Clean Energy Canada and Analytica Advisors documented a year ago that renewable energy and energy efficiency created more direct jobs than the tar sands/oil sands, before factoring in a flurry of job cuts in fossil fuels. And several provincial premiers—including at least two Liberals—have shown significant leadership on carbon pricing and clean energy development.
But on the campaign trail, Trudeau’s most widely-reported comments on climate and energy included his support for the controversial Keystone XL pipeline and his refusal to set a firm national greenhouse gas target until sometime after the make-or-break climate change summit in Paris at the end of the year.
“What we need is not ambitious political targets,” Trudeau told CBC’s The House October 10. “What we need is an ambitious plan to reduce our emissions in the country.”
Even so, most observers are cautiously optimistic about a return to a more consultative, science-based approach to energy policy-making.
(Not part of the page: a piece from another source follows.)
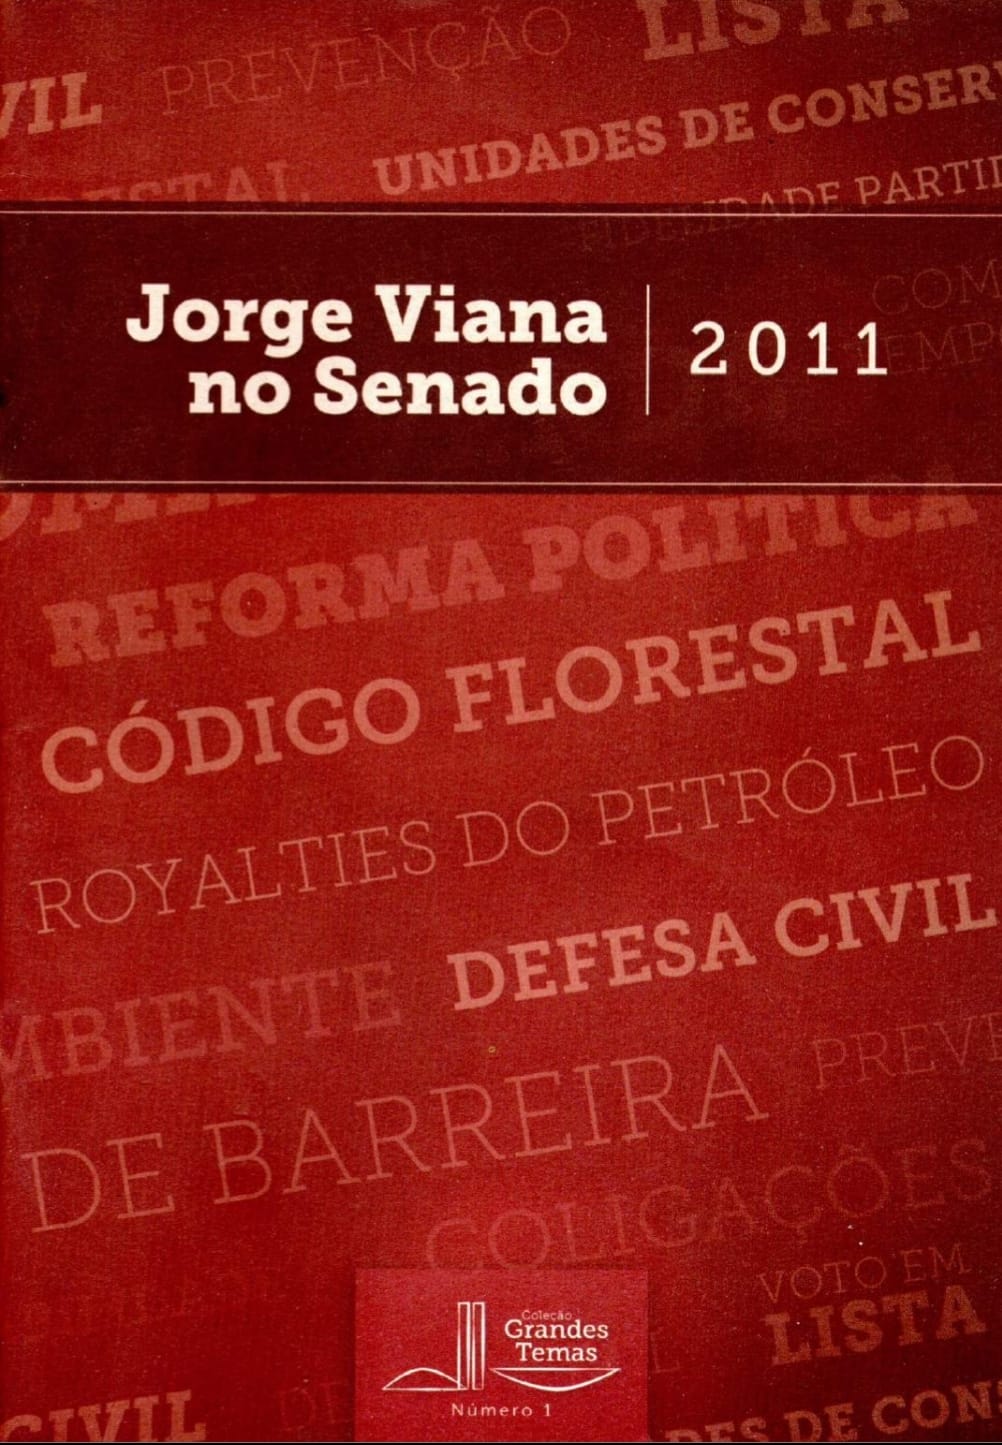 2011 em revista: o início de um mandato relevante para o Acre e para o Brasil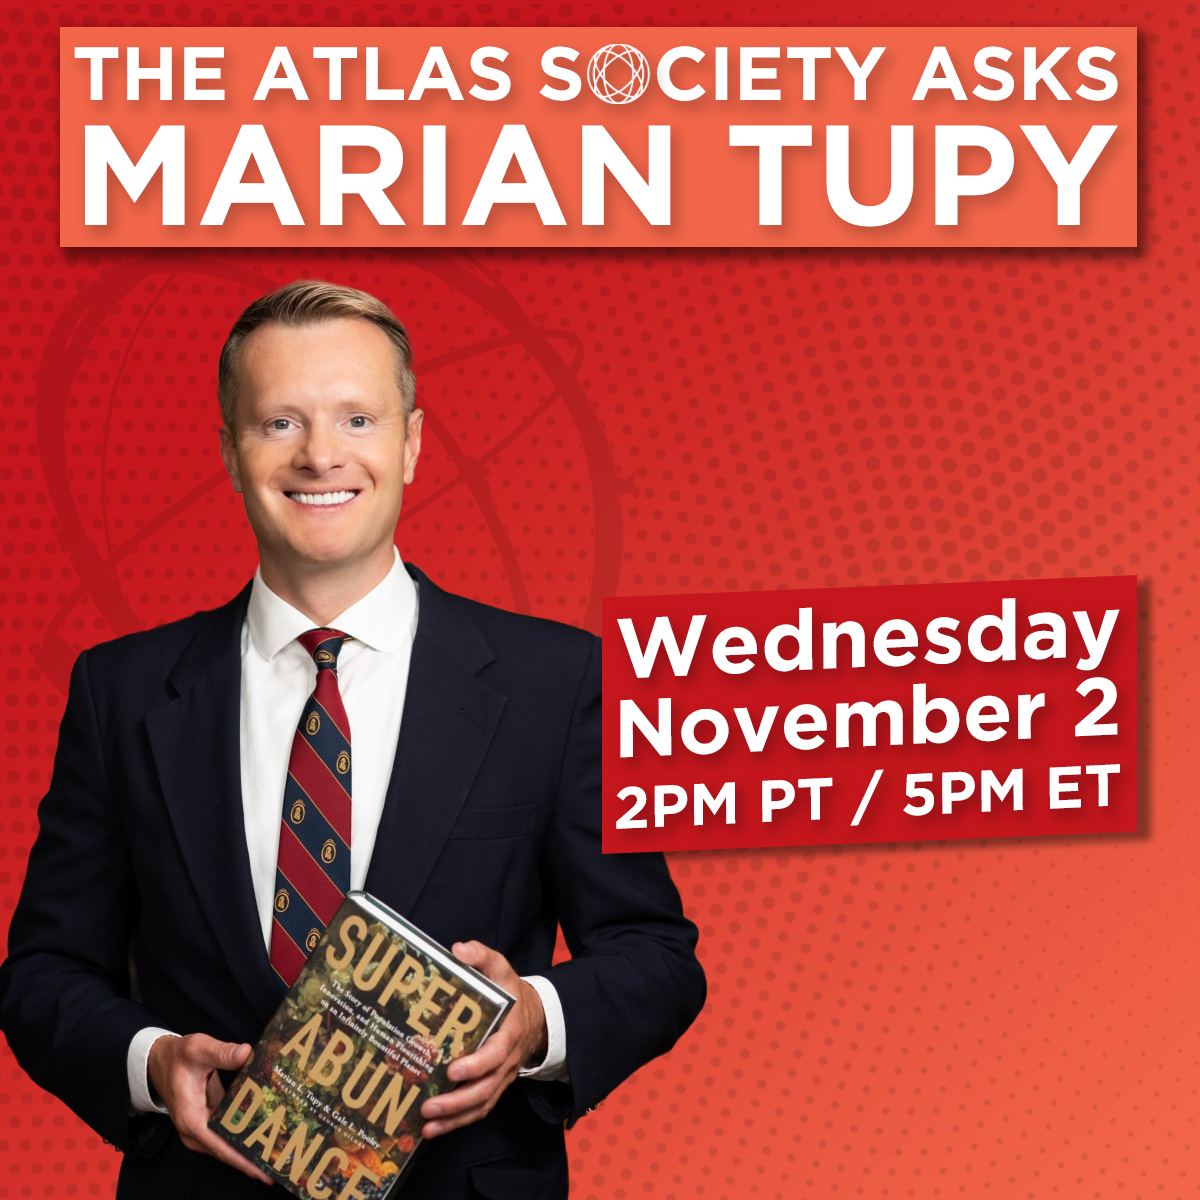 The Atlas Society Asks Marian Tupy

That would follow a decade-long regime that gutted the country’s environmental regulations, prevented federal scientists from reporting their publicly-funded research, deployed the Canada Revenue Agency to audit environmental charities it perceived as hostile, and declared peaceful protesters “eco-terrorists” if they opposed uncontrolled fossil fuel development.
In the dying days of the campaign, Trudeau said improved relations with the United States would be one of his top priorities as prime minister, adding that he would work with the Obama Administration to address environmental concerns around projects like Keystone.
“It’ll be one of my most crucial priorities to begin once again having a productive and constructive relationship with our closest ally and neighbour,” he said, adding that that relationship is about more than just one project. “That has actually been a point of frustration for the Americans that I’ve spoken with, that all this government wants to talk about is a single pipeline project.”